Let V = [v₁ … vₙ] and U = [u₁ … uₘ]. Then:

•Right singular vectors: columns vᵢ of V
•Left singular vectors: columns uᵢ of U
•Singular values: σᵢ (diagonal entries of Σ)

And the defining relationships are:

Avᵢ = σᵢ uᵢ

Aᵀuᵢ = σᵢ vᵢ

These say: A maps orthonormal directions vᵢ to orthonormal directions uᵢ, scaled by σᵢ.

Existence (why you can trust it) #

A key promise of SVD: every real matrix has an SVD.

This is not just a convenience—it is the reason SVD becomes a universal tool in numerical linear algebra, data analysis, and machine learning.

A common route to existence uses the fact that AᵀA is symmetric positive semidefinite, hence has an orthonormal eigenbasis. From that eigenbasis we build V and Σ, then define U accordingly. We’ll do this carefully in the next section.

Core Mechanic 1: Constructing SVD from AᵀA (and What Singular Values Really Are) #

Why start with AᵀA? #

We want orthonormal directions in the input space that A treats “nicely.” AᵀA is the right object because:

•AᵀA is always n×n (square), even if A is rectangular.
•AᵀA is symmetric: (AᵀA)ᵀ = AᵀA.
•AᵀA is positive semidefinite:

xᵀ(AᵀA)x = (Ax)ᵀ(Ax) = ‖Ax‖² ≥ 0.

So AᵀA has real eigenvalues and orthonormal eigenvectors.

Step 1: Eigen-decompose AᵀA #

Because AᵀA is symmetric, there exists an orthonormal matrix V and diagonal Λ such that:

AᵀA = VΛVᵀ

where Λ = diag(λ₁,…,λₙ) with λᵢ ≥ 0.

Let the eigenpairs be:

(AᵀA)vᵢ = λᵢ vᵢ

with ‖vᵢ‖ = 1 and vᵢ ⟂ vⱼ for i ≠ j.

Step 2: Define singular values #

Singular values are defined as

σᵢ = √λᵢ (nonnegative)

and arranged in decreasing order σ₁ ≥ σ₂ ≥ … ≥ 0.

So singular values are literally the square-roots of eigenvalues of AᵀA.

Step 3: Define left singular vectors #

For any λᵢ > 0 (equivalently σᵢ > 0), define

uᵢ = (1/σᵢ) Avᵢ.

Then uᵢ is a unit vector, and distinct uᵢ are orthogonal.

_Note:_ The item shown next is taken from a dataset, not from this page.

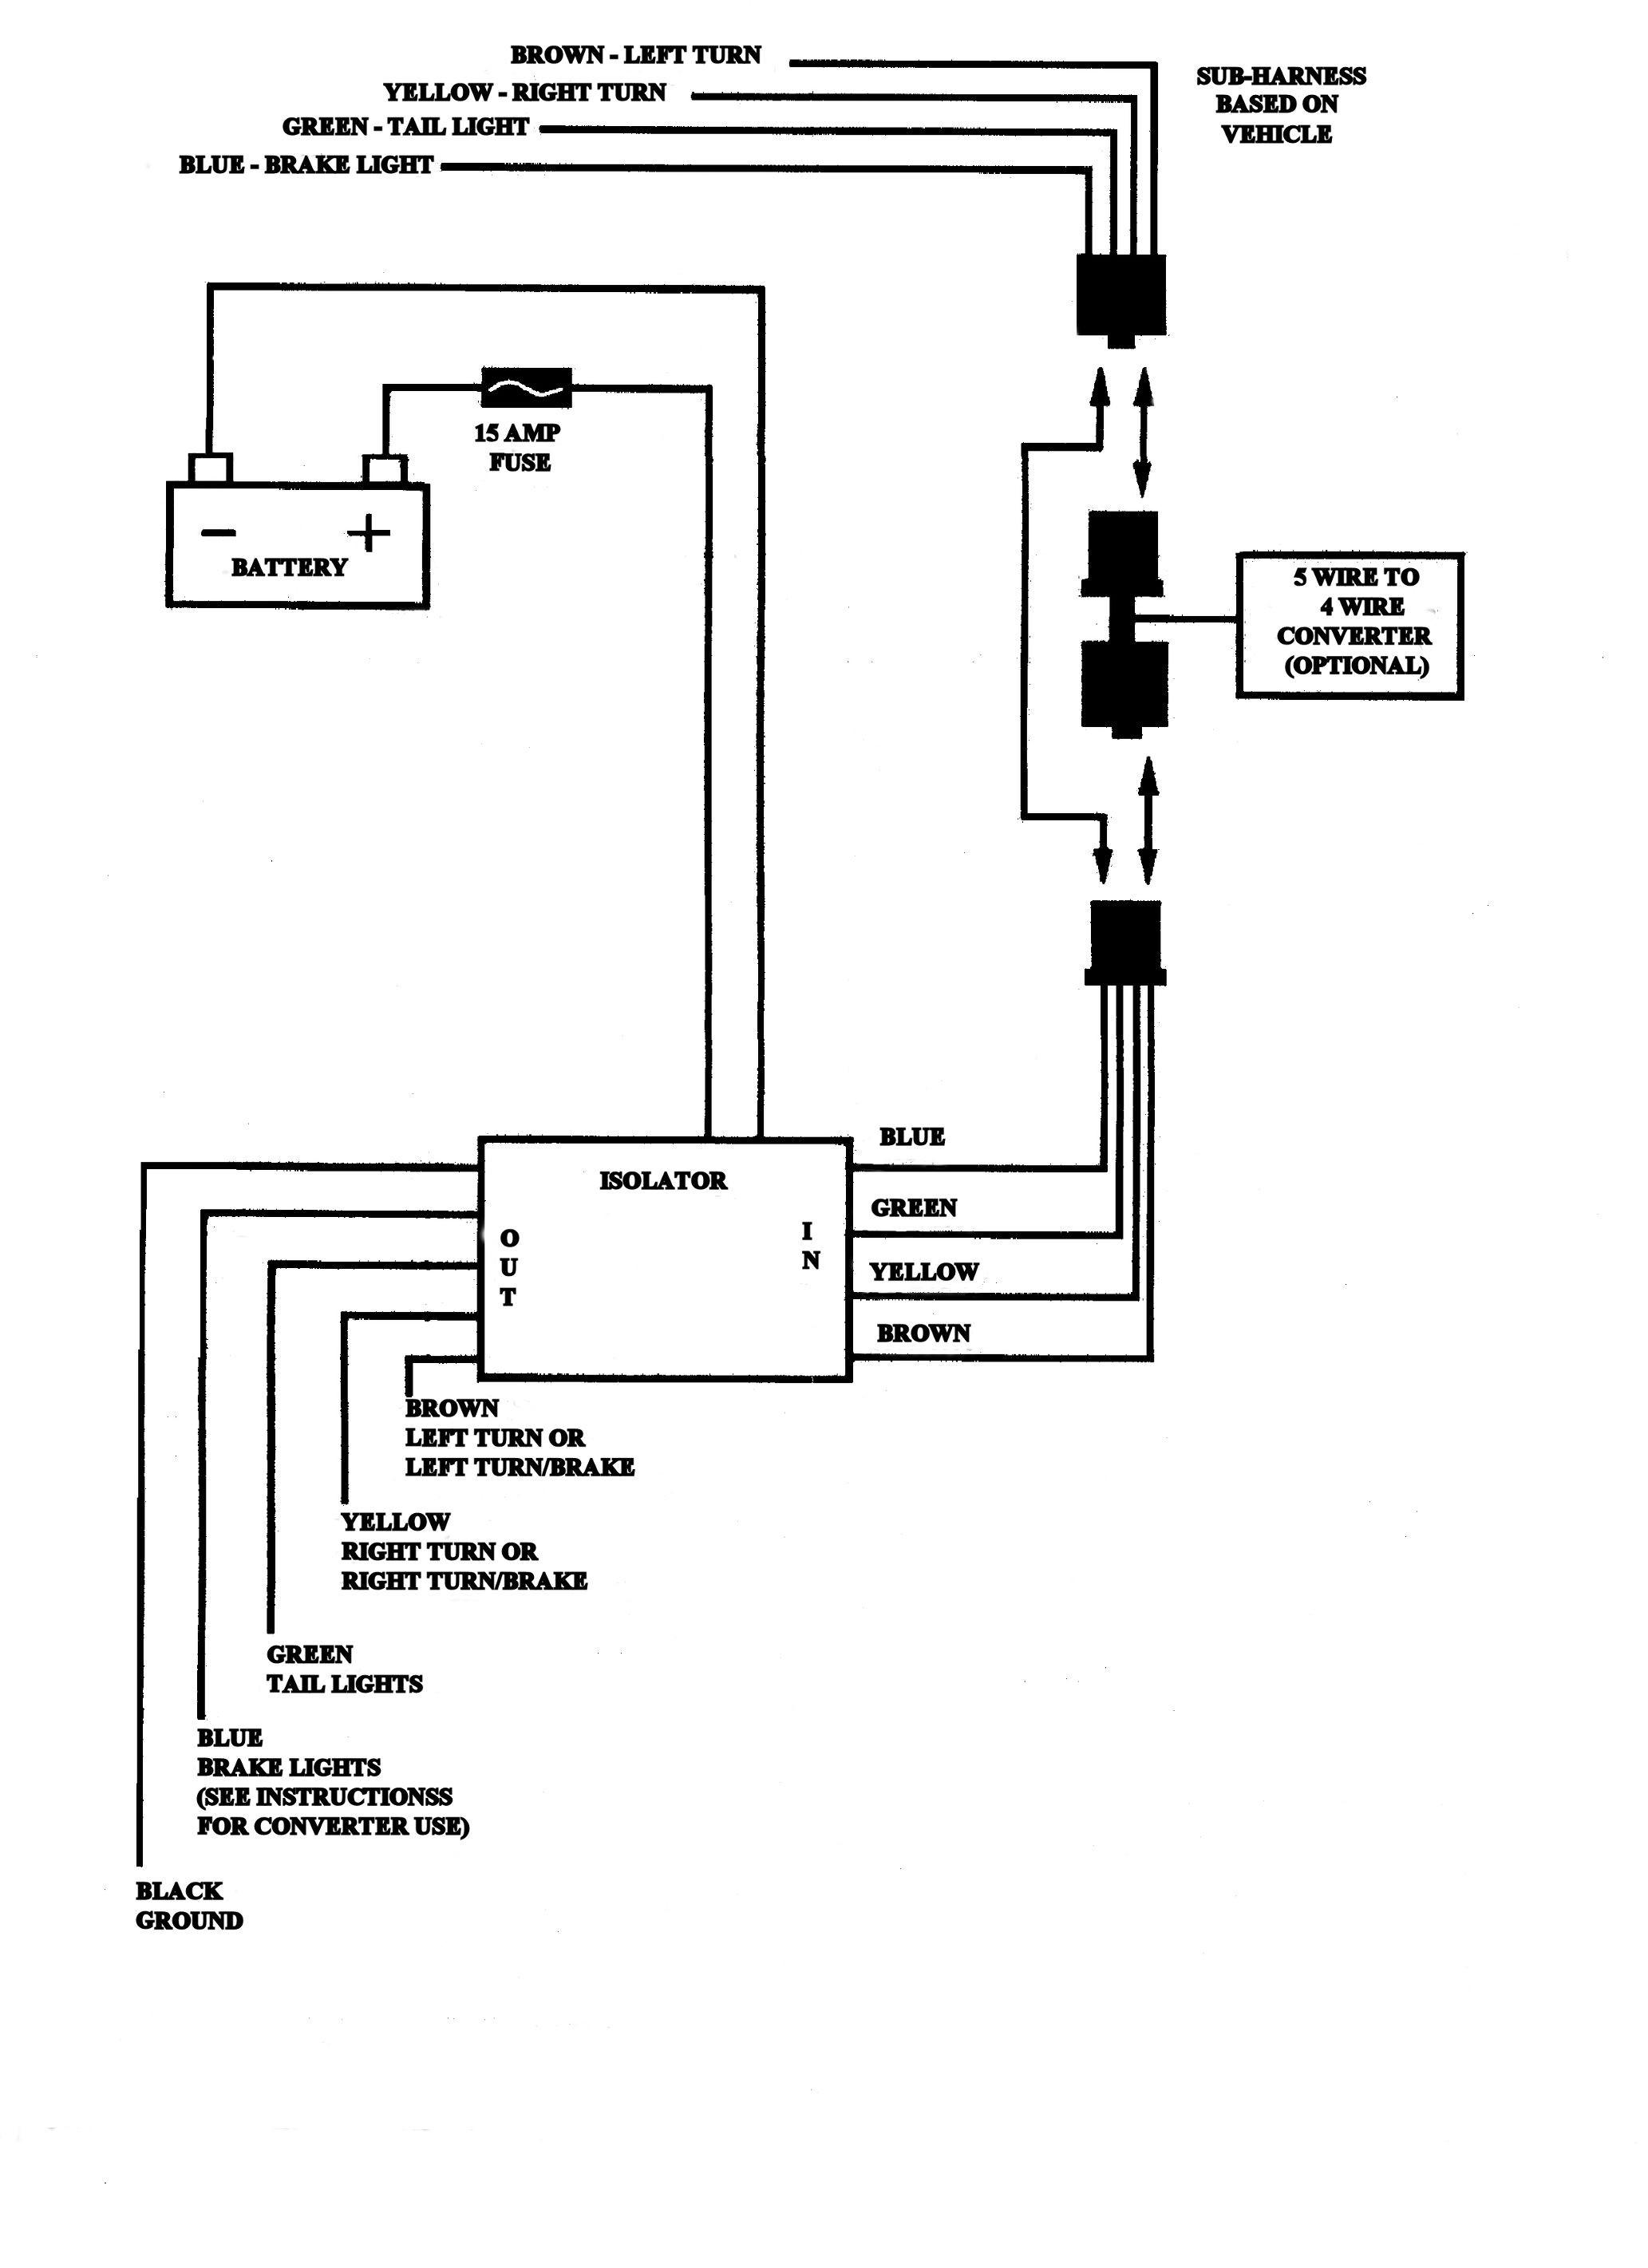 trailer wiring diagram wiring diagram image delta connection diagram molex wiring diagram thoritsolutions rh thoritsolutions yamaha road star

Let’s show the unit-length claim carefully.

Compute ‖uᵢ‖²:

‖uᵢ‖² = uᵢᵀuᵢ

= ((1/σᵢ)Avᵢ)ᵀ ((1/σᵢ)Avᵢ)

= (1/σᵢ²) vᵢᵀ AᵀA vᵢ

= (1/σᵢ²) vᵢᵀ (λᵢ vᵢ)

= (1/σᵢ²) λᵢ (vᵢᵀvᵢ)

= (1/σᵢ²) λᵢ

= (1/(√λᵢ)²) λᵢ

= 1.

So ‖uᵢ‖ = 1.

Now check orthogonality for i ≠ j (assuming σᵢ,σⱼ > 0):

uᵢᵀuⱼ

= ((1/σᵢ)Avᵢ)ᵀ ((1/σⱼ)Avⱼ)

= (1/(σᵢσⱼ)) vᵢᵀ AᵀA vⱼ

= (1/(σᵢσⱼ)) vᵢᵀ (λⱼ vⱼ)

= (λⱼ/(σᵢσⱼ)) vᵢᵀvⱼ

= 0.

Thus {uᵢ} are orthonormal over the nonzero singular values.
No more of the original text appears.